What does this mean ?
Currently I am testing with gradcheck the following loss link.
Gradcheck fails with the ‘backward not multiplied by grad_output’ error.
What does this mean ?
Let’s say you have the following (pseudo)code:
probs = Variable(probs, requires_grad=True) # tells autograd to compute gradients for probs
cost = ctc_loss(probs, labels, probs_sizes, label_sizes)
cost_3 = cost * 3
cost_3.backward()
and
probs2 = Variable(probs2, requires_grad=True) # tells autograd to compute gradients for probs
cost = ctc_loss(probs2, labels, probs_sizes, label_sizes)
cost.backward()
You’d expect probs.grad
to be 3 times that of probs2.grad
, because of the final multiply by 3 in cost_3
.
That’s what the 'backward not multiplied by grad_output’ checks: that when the output of the function (ctc_loss in this case) is then operated on by some operator, backpropagation still works.

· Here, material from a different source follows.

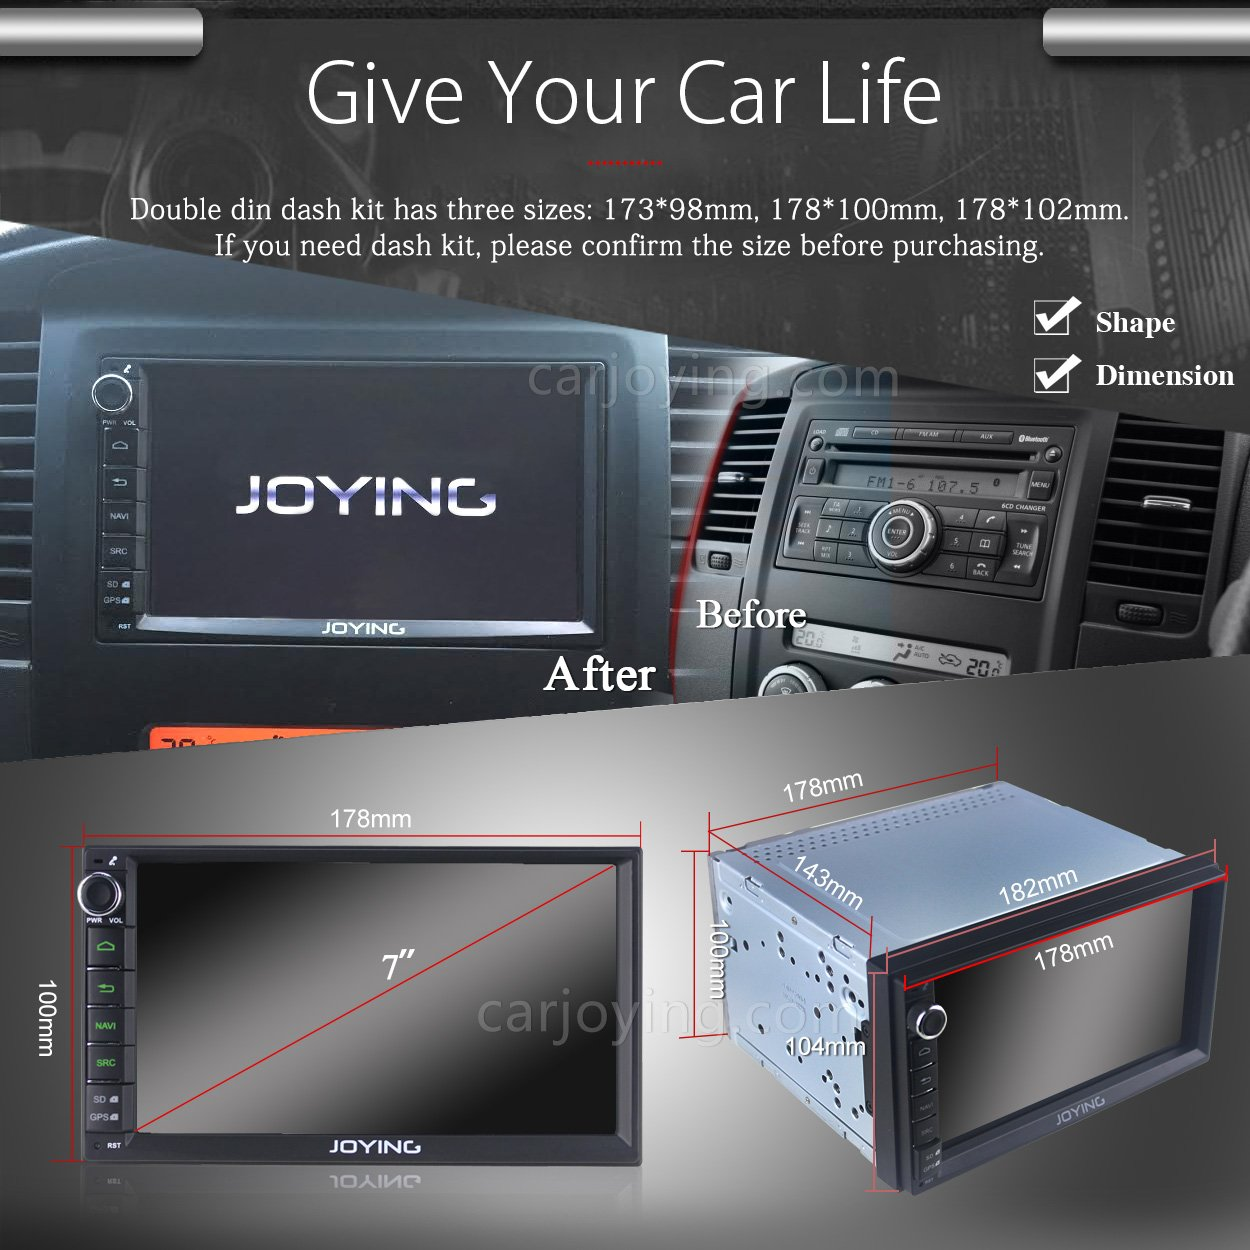 Joying 7 universal car radio android 6 0 marshmallow ddr3 2gb ram quad core auto stereo gps navigation head unit 1024 600 hd capacitive touch screen

Thanks for the reply! Does this mean that the loss function is broken ?
Yes.
You can fix it pretty easily, though:
https://github.com/SeanNaren/warp-ctc/blob/8719493fbd0dd9b1195d531184d8e8b1d424abe9/pytorch_binding/warpctc_pytorch/init.py#L42
change that to
return self.grads * grad_output, None, None, None
and it’ll probably be fine.
Thanks again! I will try this tomorrow morning.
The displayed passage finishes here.